Yesterday, Megan blogged about the Streamlined Sales Tax Project (SST). SST is a cooperative sales tax initiative for voluntary states. The states come into compliance and agreement together to figure out a way to collect sales tax on every sales, based on the “destination” of the sale. In other words, if you live in California and buy from a Florida merchant, you’ll pay California sales tax. It’s a nightmare for the Florida merchant because she now has to track sales tax rates and rules in 50 states.
SST has gotten stalled. Apparently, it’s hard for independent states to agree on the details. And now it looks like they might not have to.
Big Brother Congress has decided it’s time to take care of the sales tax issue to raise taxes quickly. Dubbed the “Internet Tax” it was struck down a few years ago by an aggressive lobbying effort by Amazon, eBay and other big online sellers (and auction houses).

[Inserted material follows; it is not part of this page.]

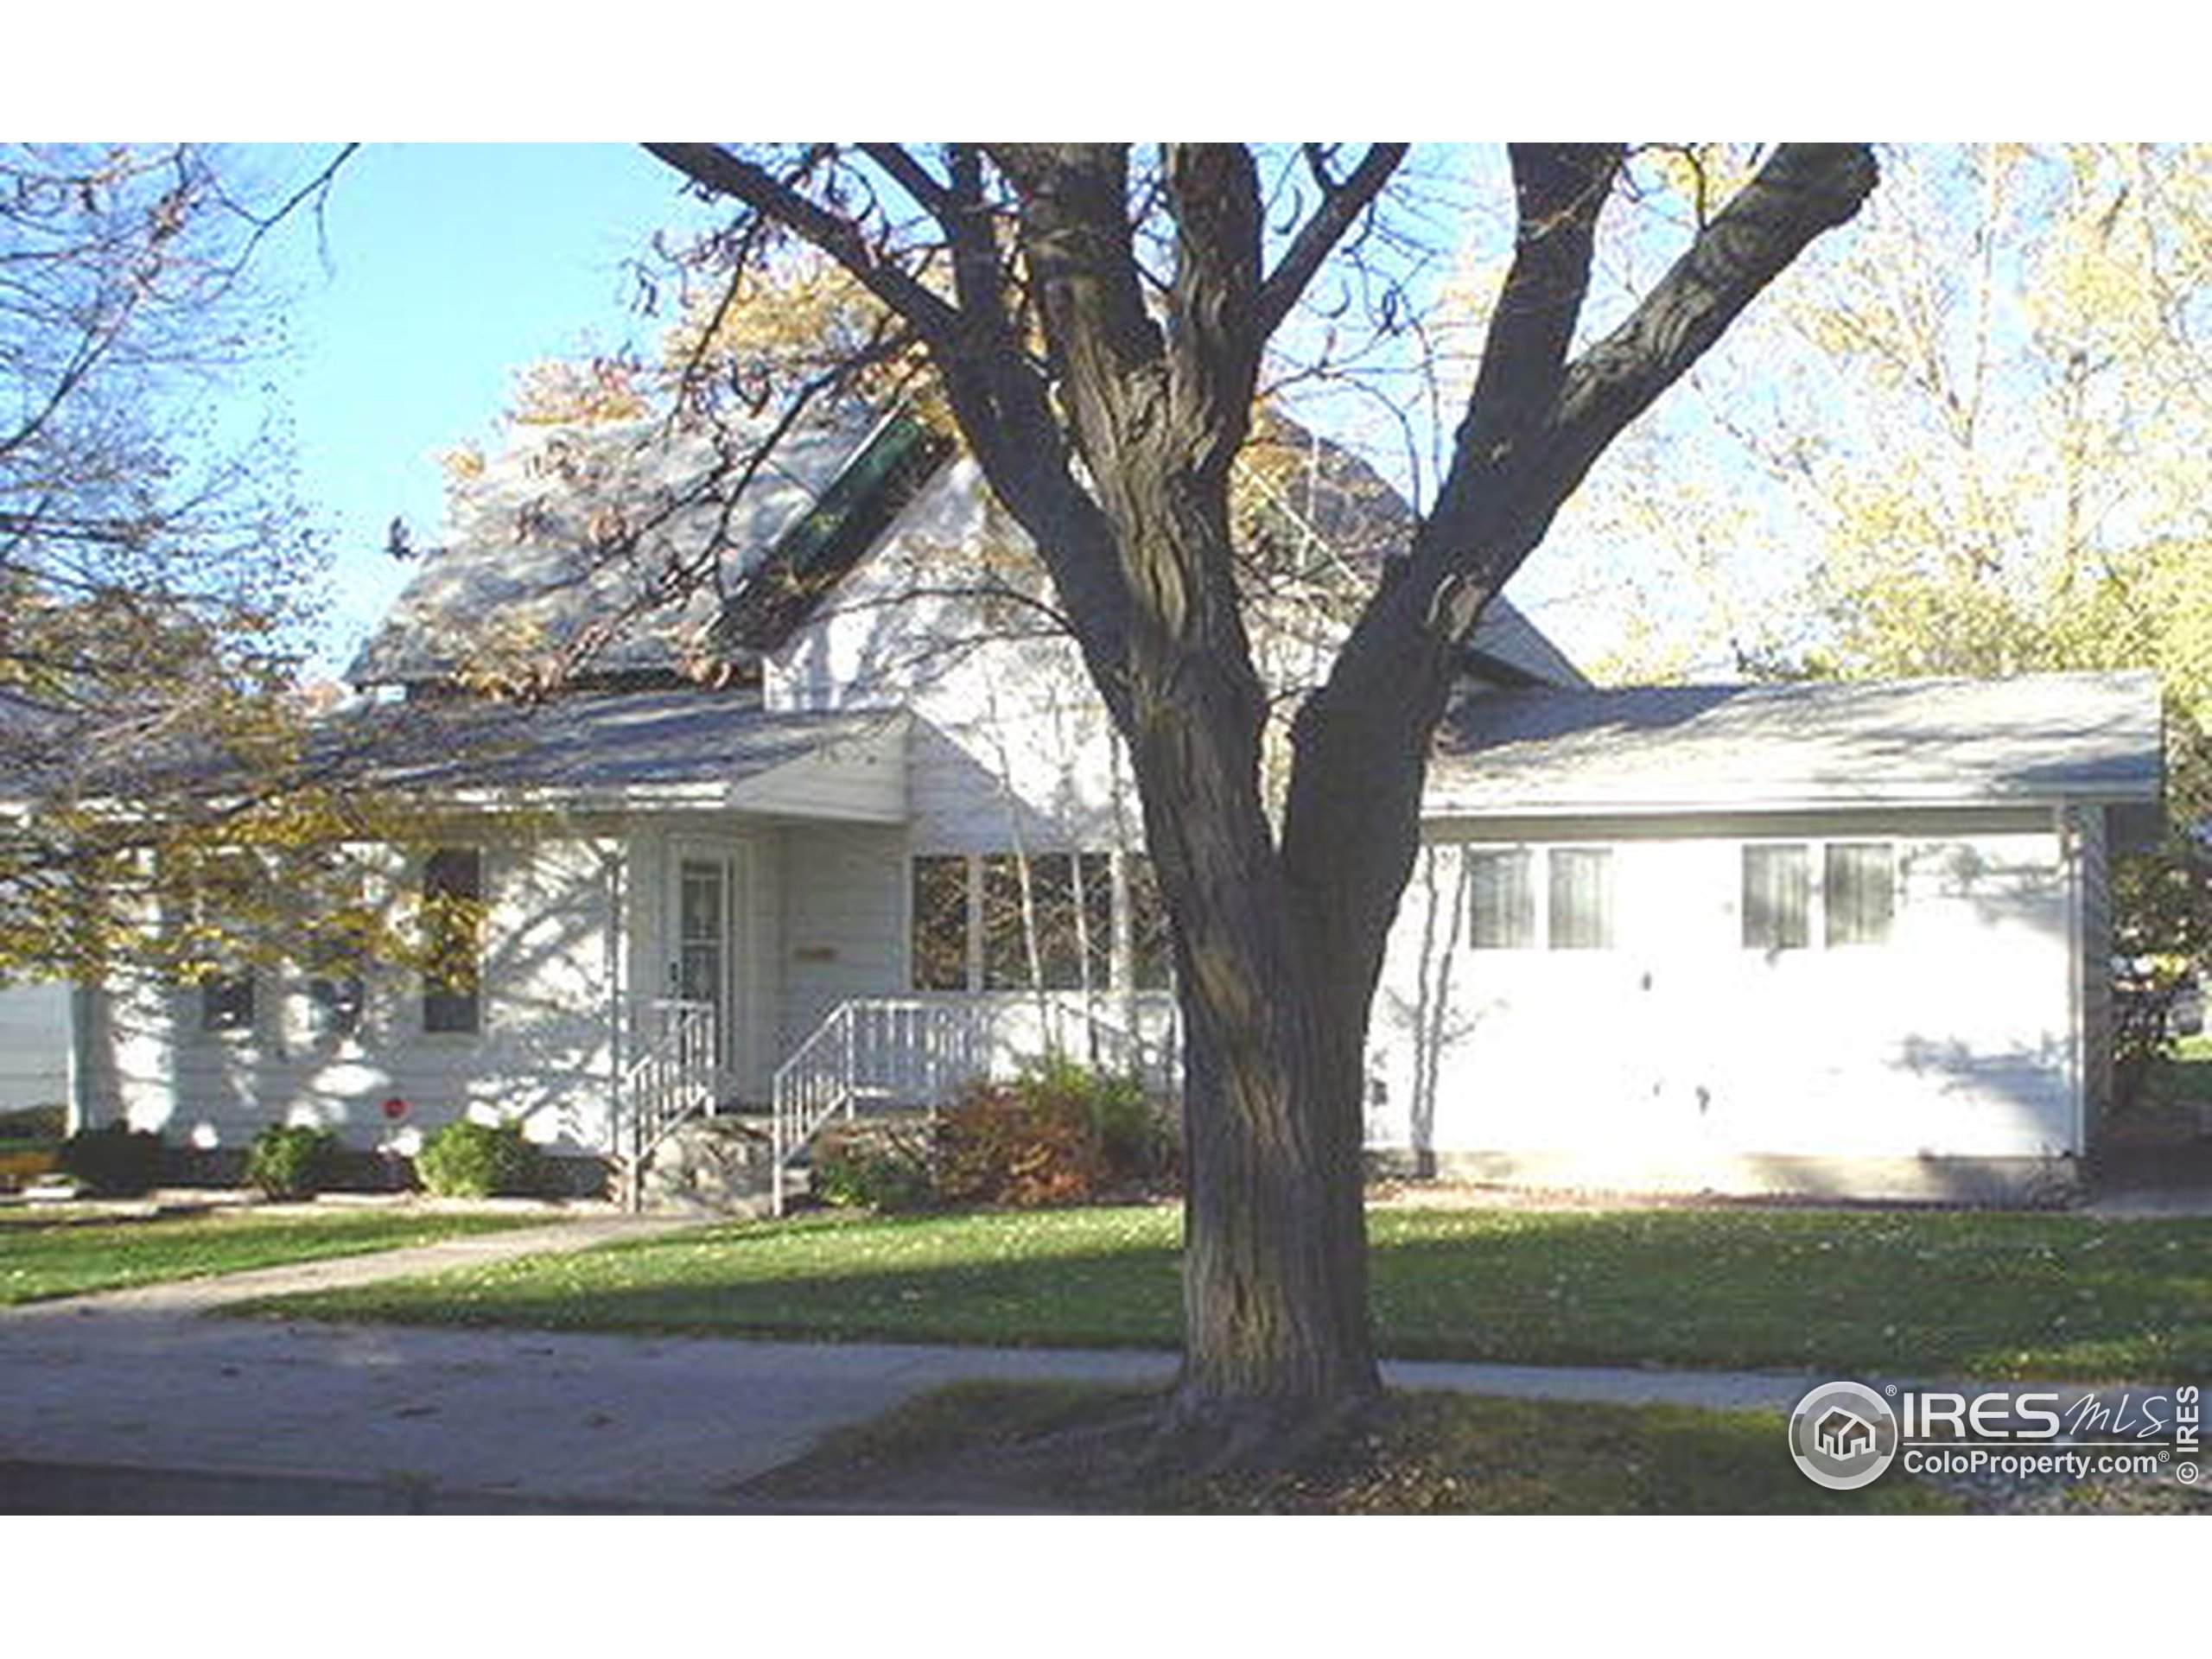 245 Honeysuckle Way, Johnstown, CO 80534 (#942822) :: iHomes Colorado

Here’s a link to a great CNET article on the resurgence of the Internet Tax project. http://news.cnet.com/8301-10784_3-9919420-7.html
The problem I see is that it’s simplistic and idealistic. SST got bogged down because the definitions of what is taxable and non taxable vary radically from state to state. Other states have city and local taxes that are based on origin. SST was attempting to modify to allow for that. For example, if you had a business in Dallas and sold to New Jersey, your business would collect tax for the Dallas city sales tax and the New Jersey state sales tax. I don’t see any solutions like that in the Internet Sales Tax. It simply doesn’t have the finesse that is required to make this work for businesses.